## Required work
Once you find the line with "Riesige Rauchwolke wegen Brand in Heizraum" in the listing below, set down exactly every line from it through the line with "曾志伟快手直播首秀定档6月11日，TVB明星与快手达人齐聚嗨翻天", but no pictures.

## Data for review
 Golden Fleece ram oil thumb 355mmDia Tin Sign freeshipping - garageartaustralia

* * *

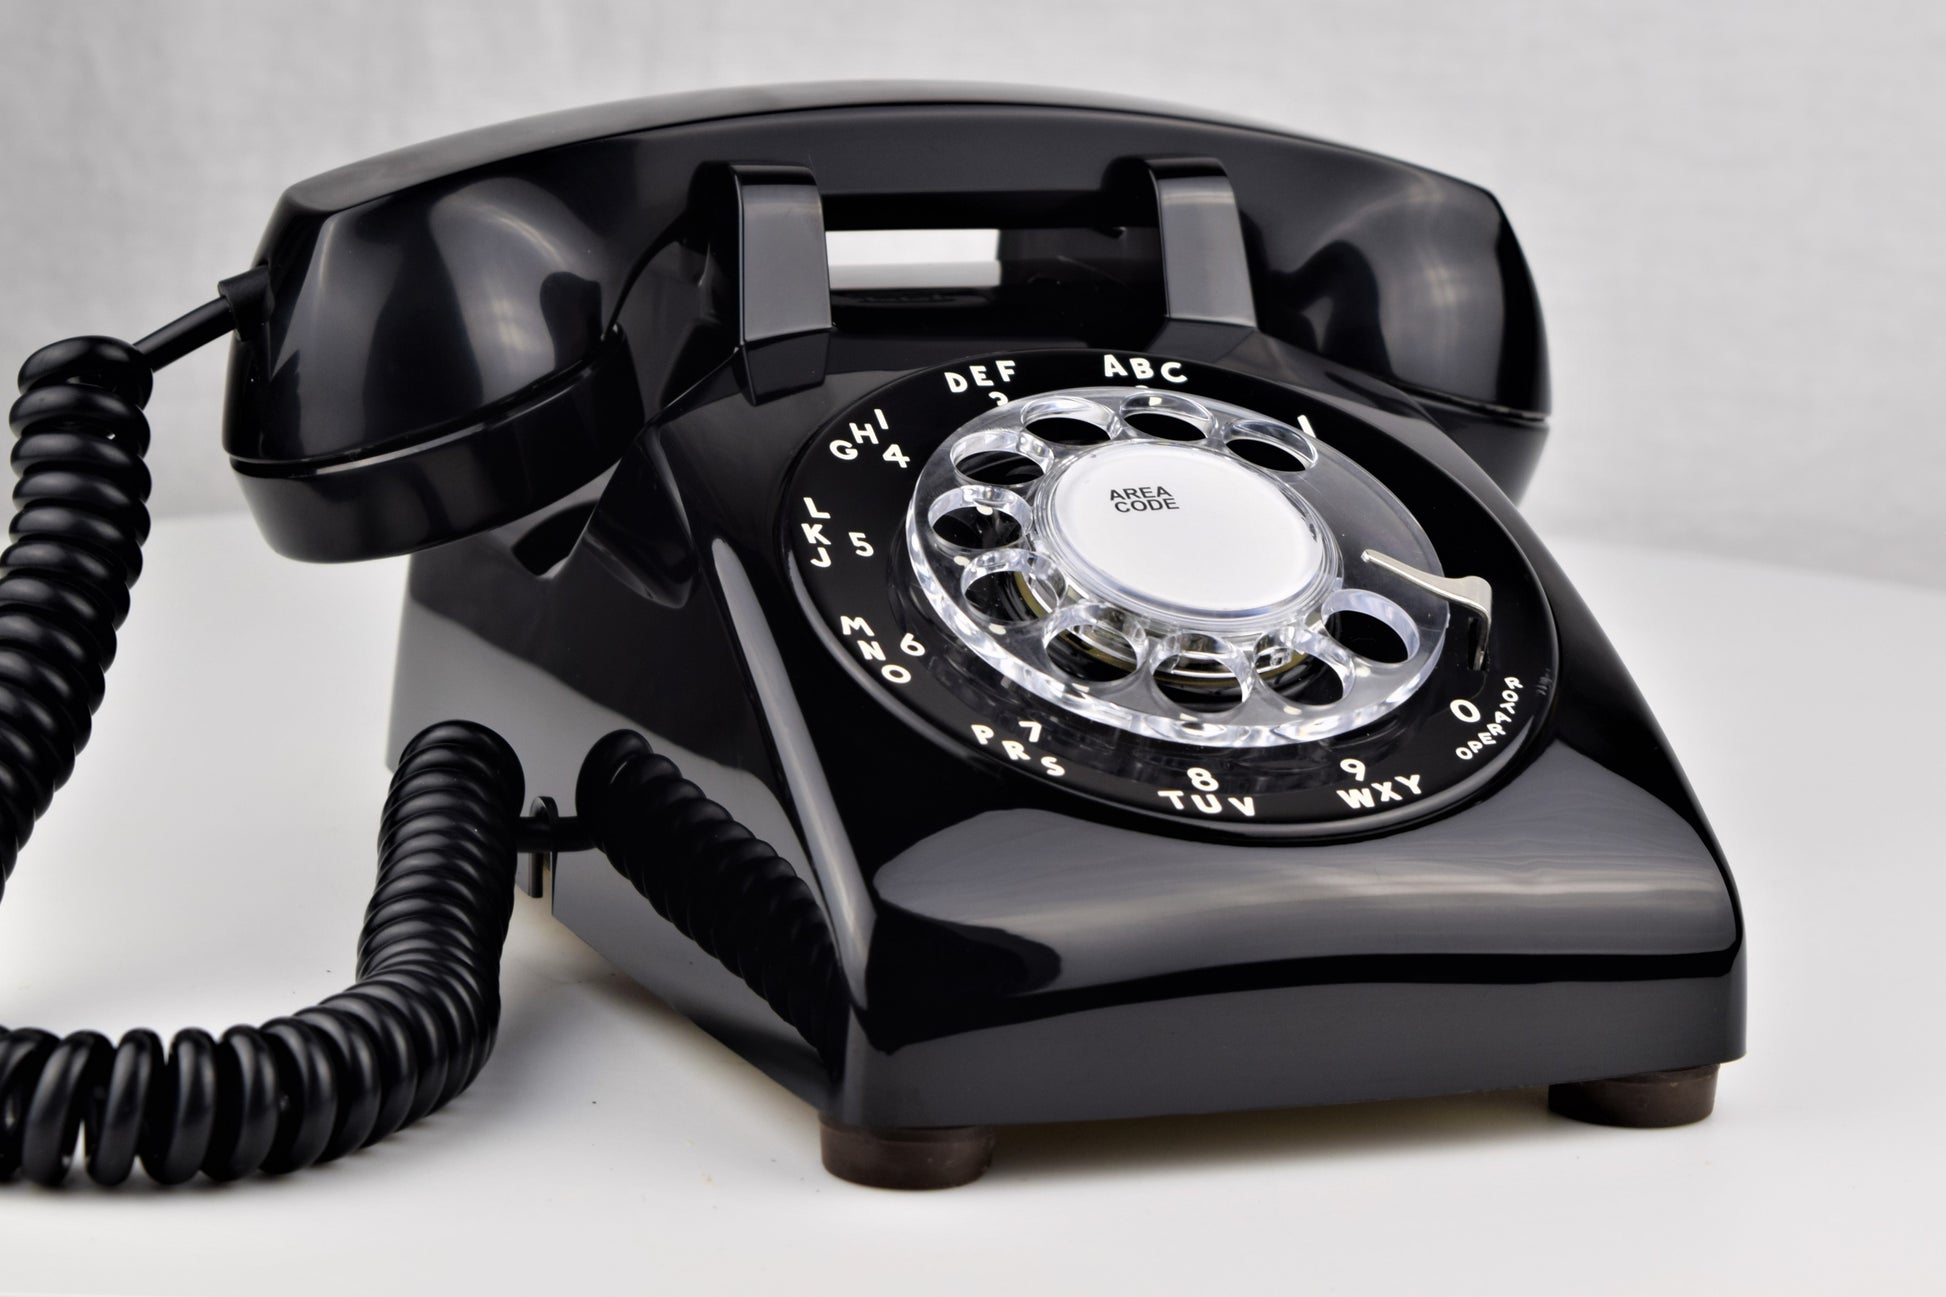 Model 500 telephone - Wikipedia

--

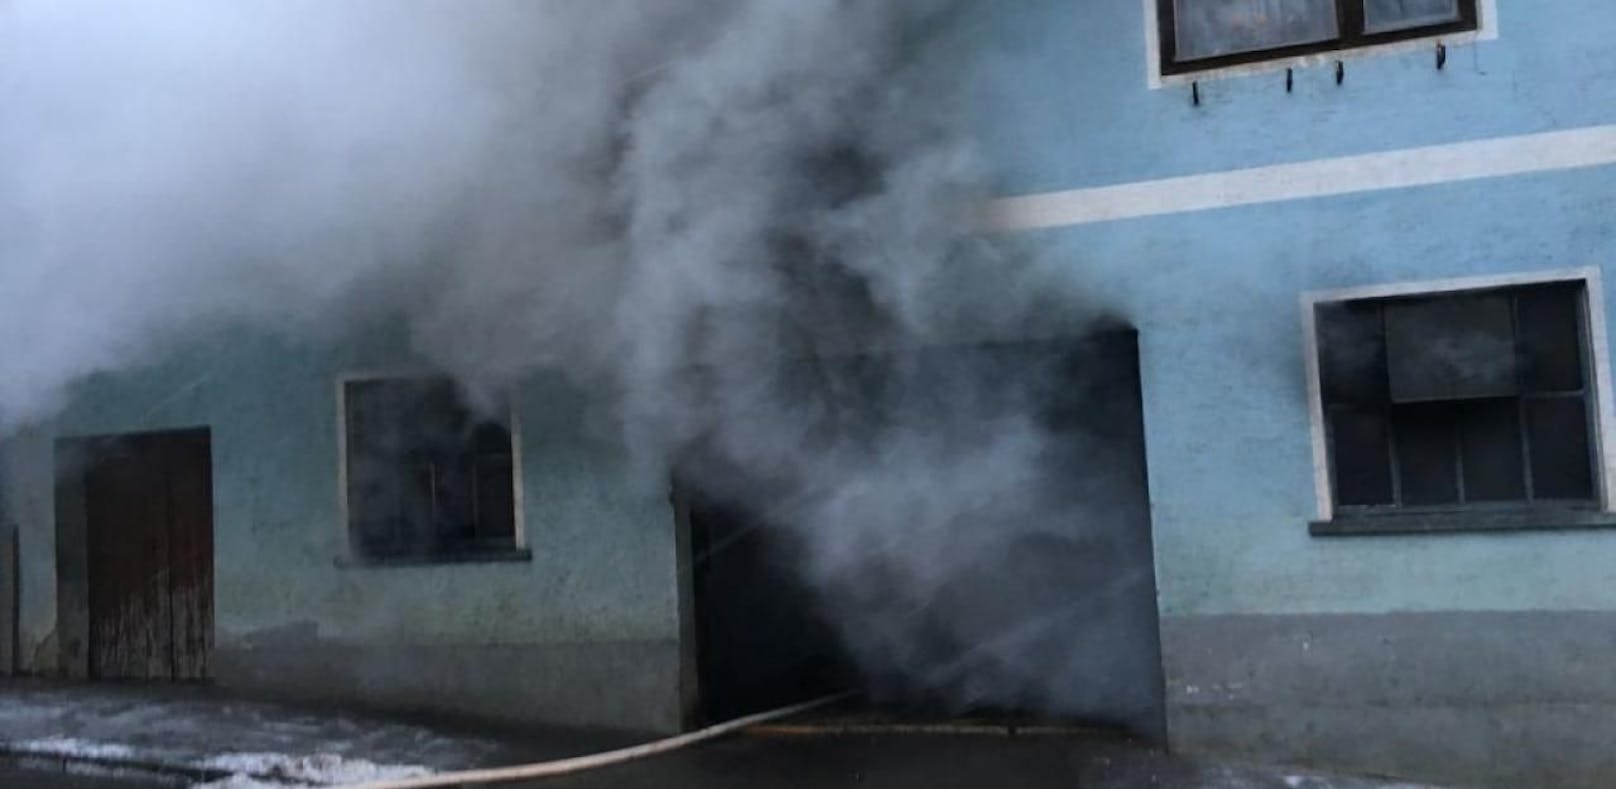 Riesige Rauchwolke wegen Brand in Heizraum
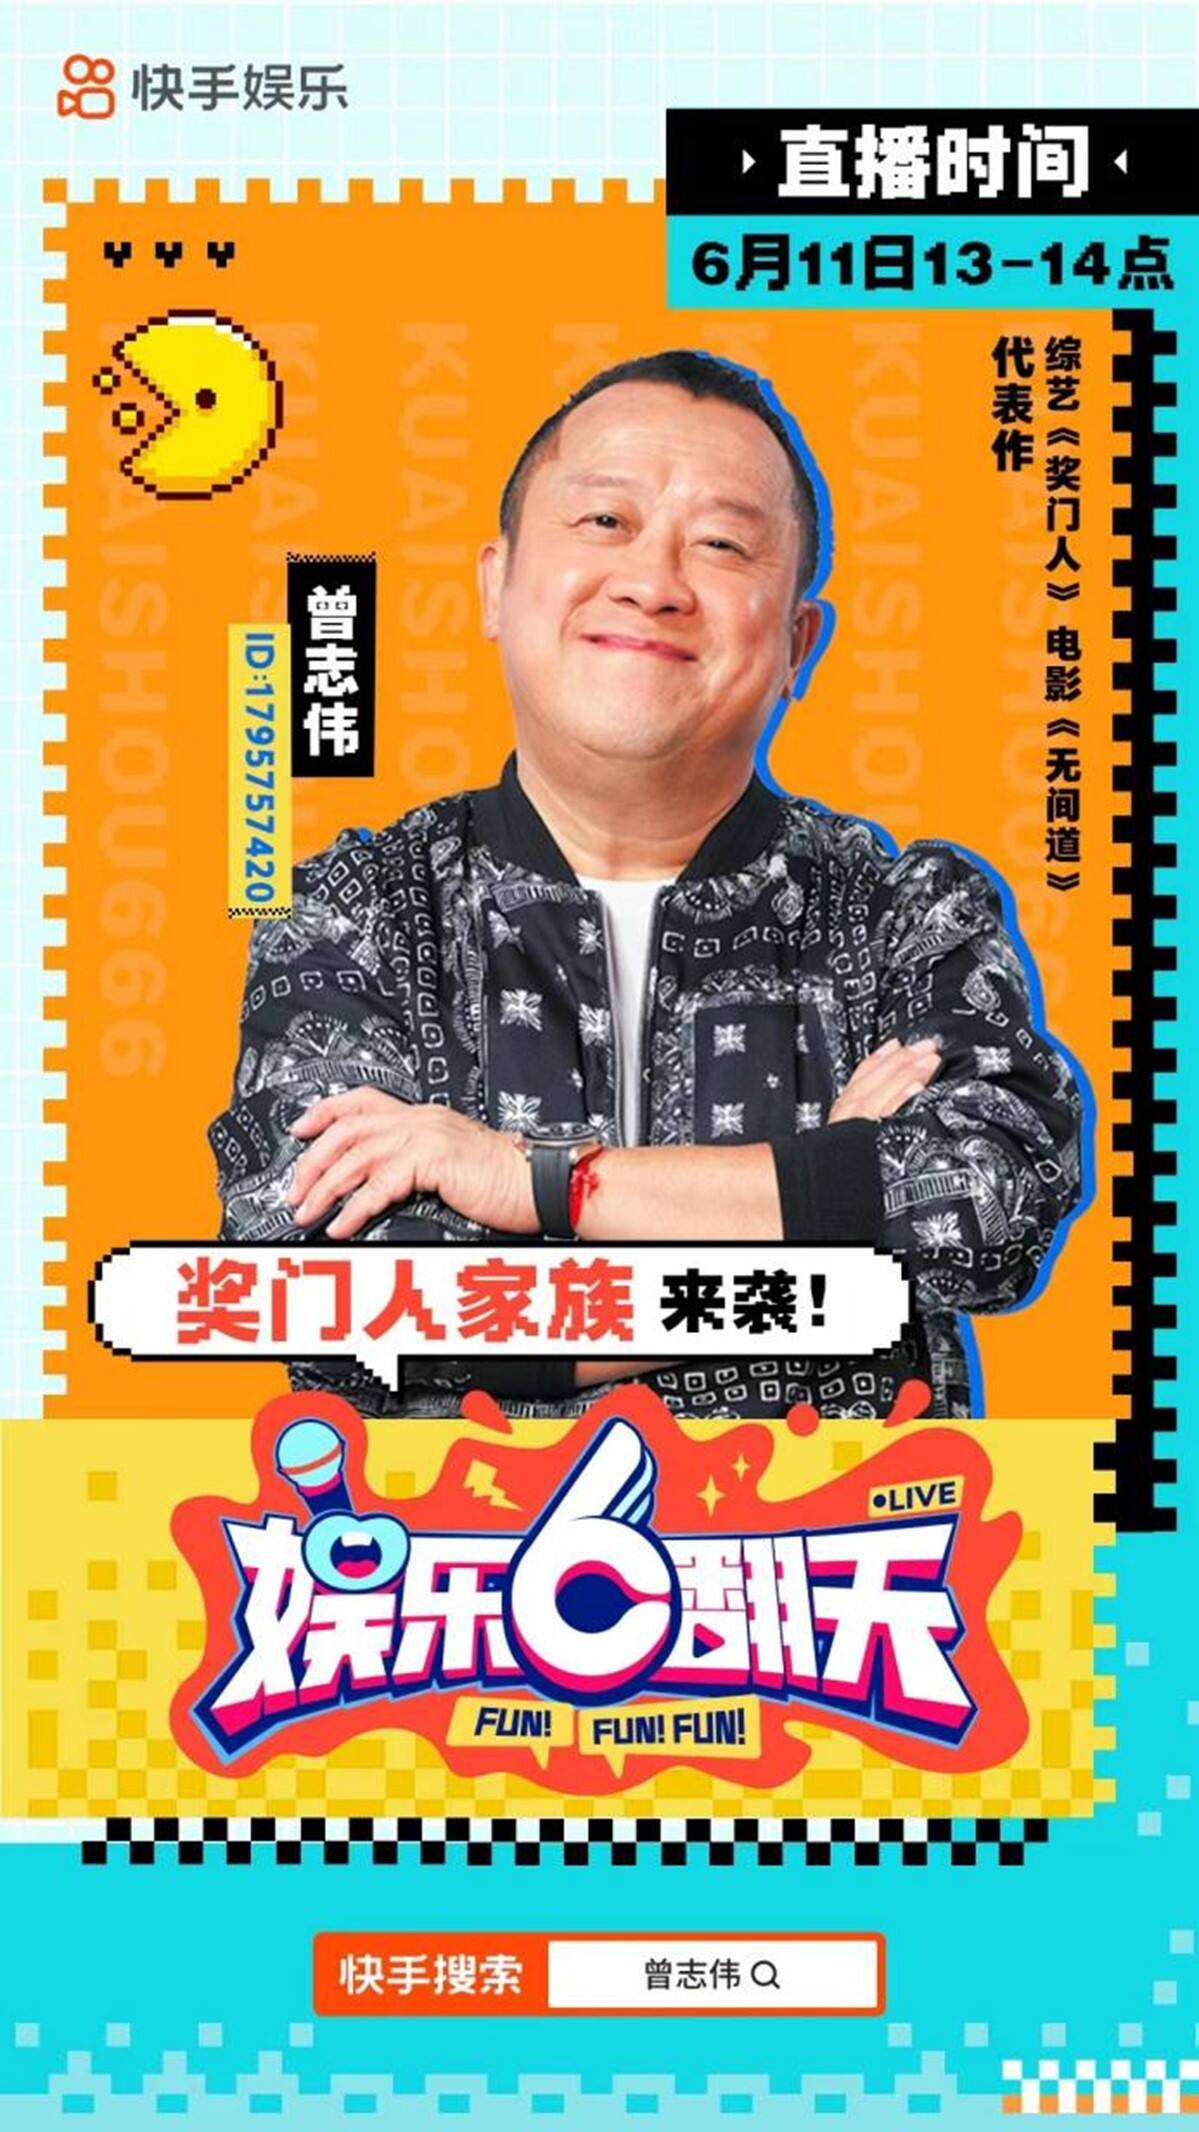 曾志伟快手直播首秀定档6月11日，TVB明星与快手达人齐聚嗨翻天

## Written response
 Riesige Rauchwolke wegen Brand in Heizraum
 曾志伟快手直播首秀定档6月11日，TVB明星与快手达人齐聚嗨翻天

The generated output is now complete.